The bad news is that current Ontario policy is to end the stay-at-home order for almost everywhere in the province. Starting next Tuesday, we’ll be reverting to the regional framework we had in the fall and early winter everywhere except Toronto, York, and Peel (those regions will follow the week after). The government, and Chief Medical Officer of Health David Williams, has insisted repeatedly that this isn’t a “reopening” and that people shouldn’t go wild. Obviously, that’s correct. But we’re still talking about a relaxation of public-health measures that have worked, whether you credit the stay-at-home order or the provincewide lockdown that preceded it.
And the government’s decision to move March break into mid-April — whatever the merits of that decision in isolation— add further confusion, since the modelling also shows cases starting to trend back upwards in late March. The modelling doesn’t peer into April itself, but if you believe it is basically right — as the government says it does — then it’s weird to assume that cases will immediately start trending back down. The modelling might be wrong — indeed, as far out as late March, it’s bound to be wrong in some way. But it’s supposed to be forming the basis for the government’s planning and policies, and in some very basic ways the modelling and the announced policies don’t match. It’s a simple enough question: If the third wave is coming, what should Ontario be doing to take that threat seriously?

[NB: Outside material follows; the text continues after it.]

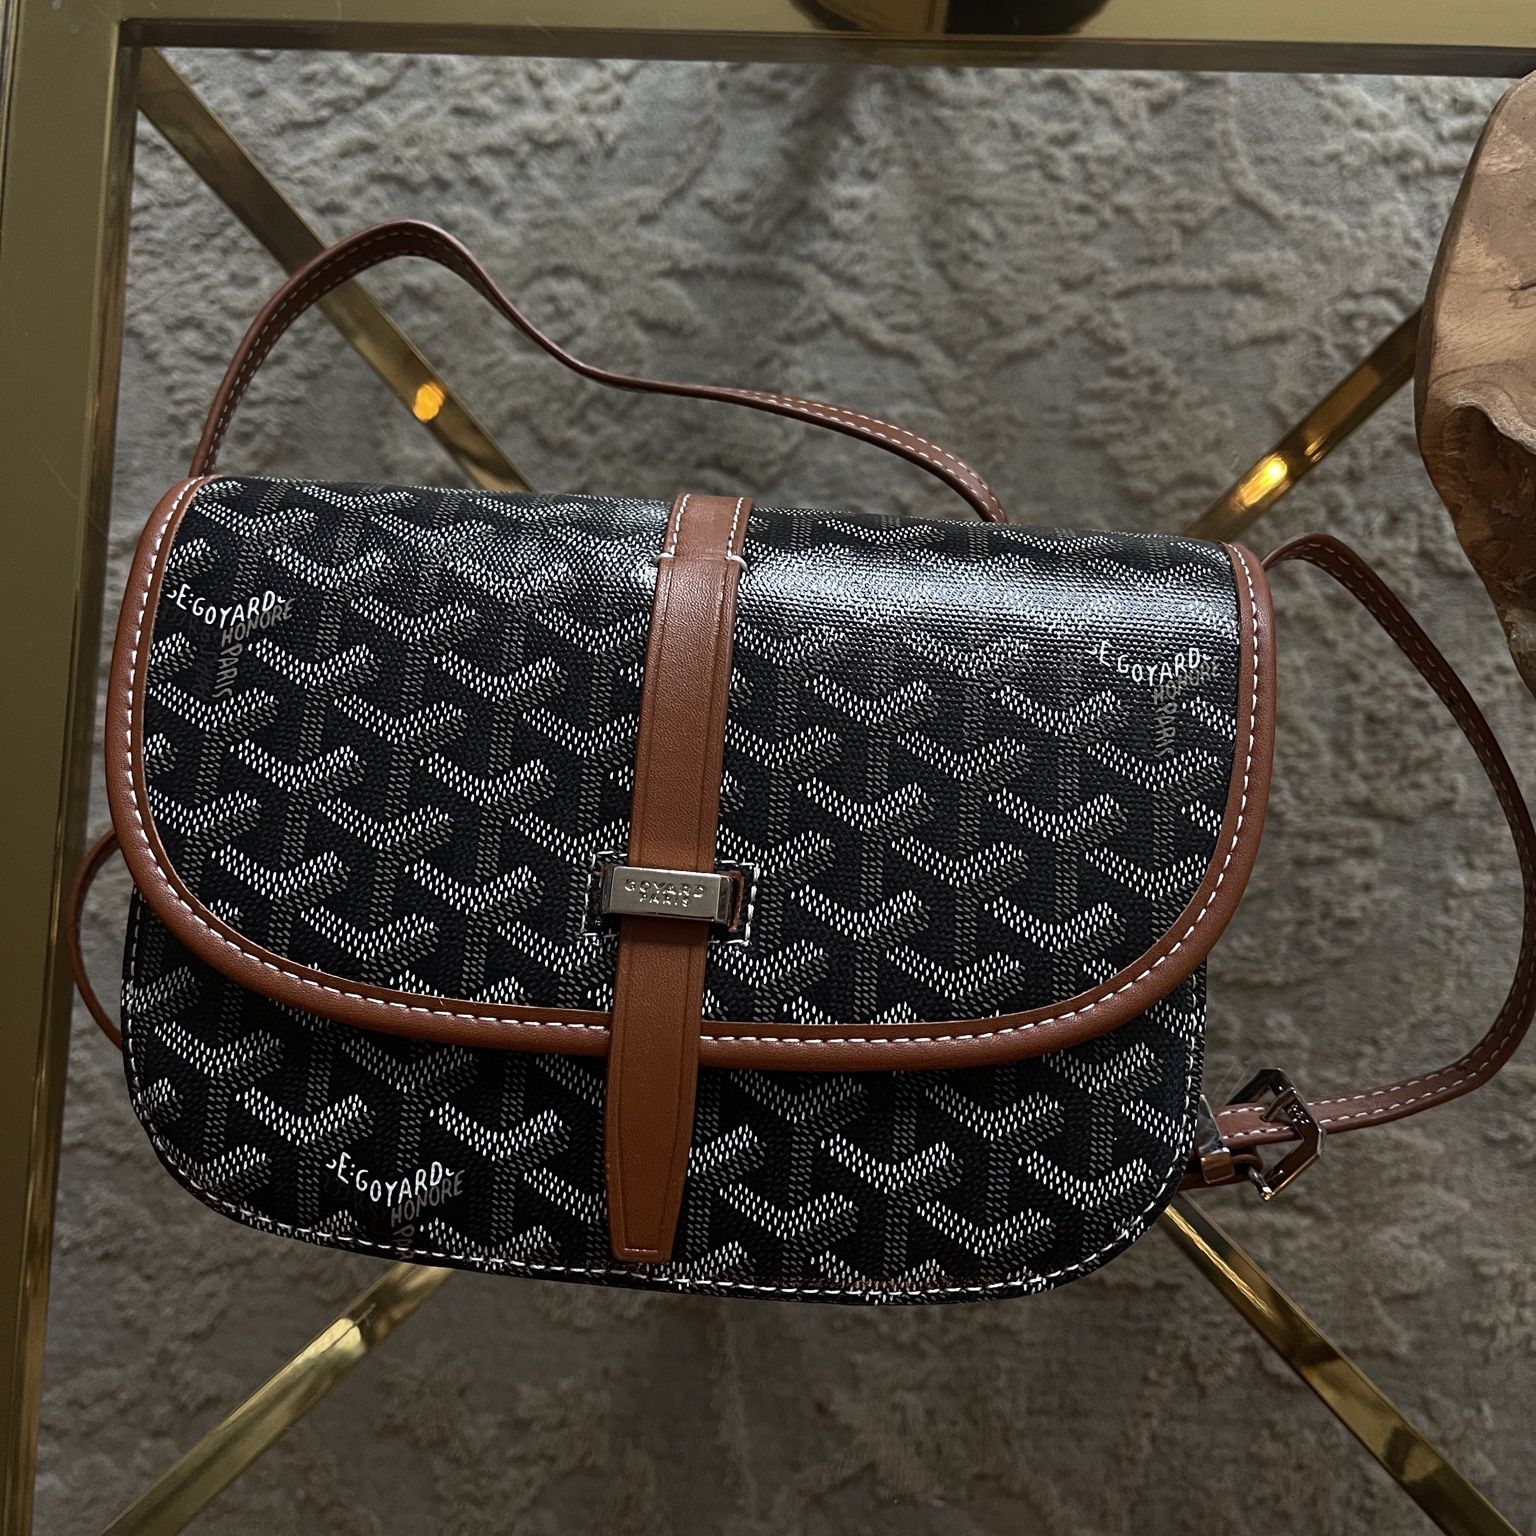 Goyard Tote for Sale in Bothell, WA - OfferUp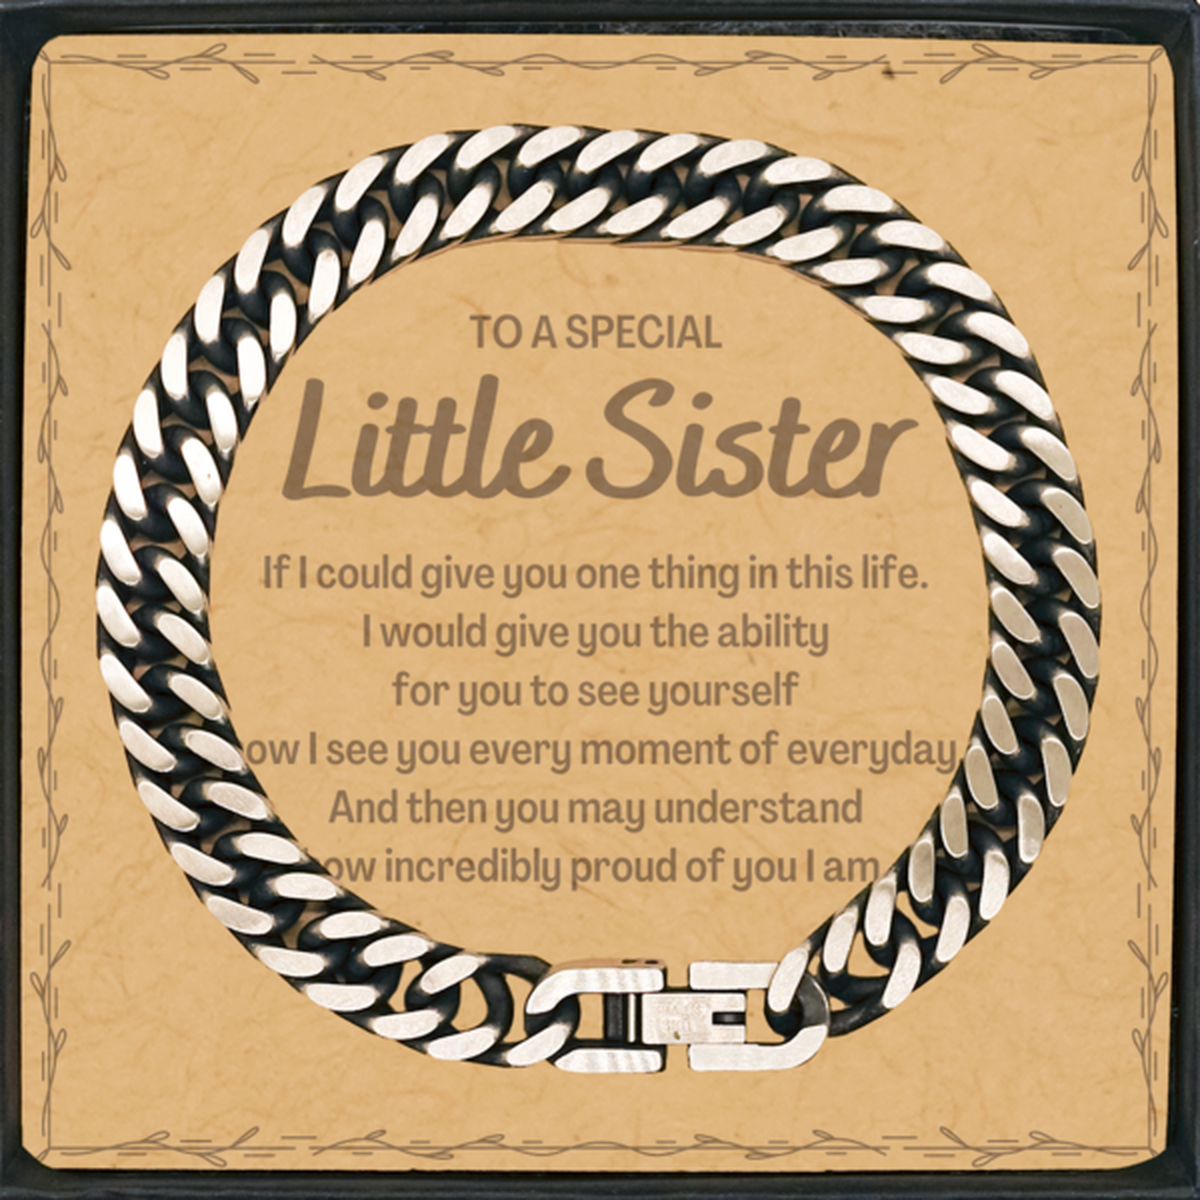 To My Little Sister Cuban Link Chain Bracelet, Gifts For Little Sister Message Card, Inspirational Gifts for Christmas Birthday, Epic Gifts for Little Sister To A Special Little Sister how incredibly proud of you I am

I don’t think that Ontario necessarily needs to go back into a harsh lockdown and a renewed stay-at-home order (though that might end up being the answer we choose, either by action or omission). There are still, today — now, as you read this — things the government could do that would help push the needle in the other direction, away from explosive infection growth. On the topic of paid sick leave, people have gone from “inquiring” to “calling for” to “demanding” to “pleading.” The Tories can change their minds any time they choose; there’s even an NDP private member’s bill coming up at the legislature for it.
There are other measures the Tories could pursue. Using more of the rapid tests they were so adamant about needing last year would almost certainly help. There’s no end to the ideas being floated as ways to help push our Rt number lower and lower. The only silver bullet is the vaccine, and even that won’t save us until well over half the population has been inoculated. So, in the meantime, there’s just a series of choices — each one pushing us closer to or further from a disaster.
This article has been updated with new estimates related to Ontario's reproductive number.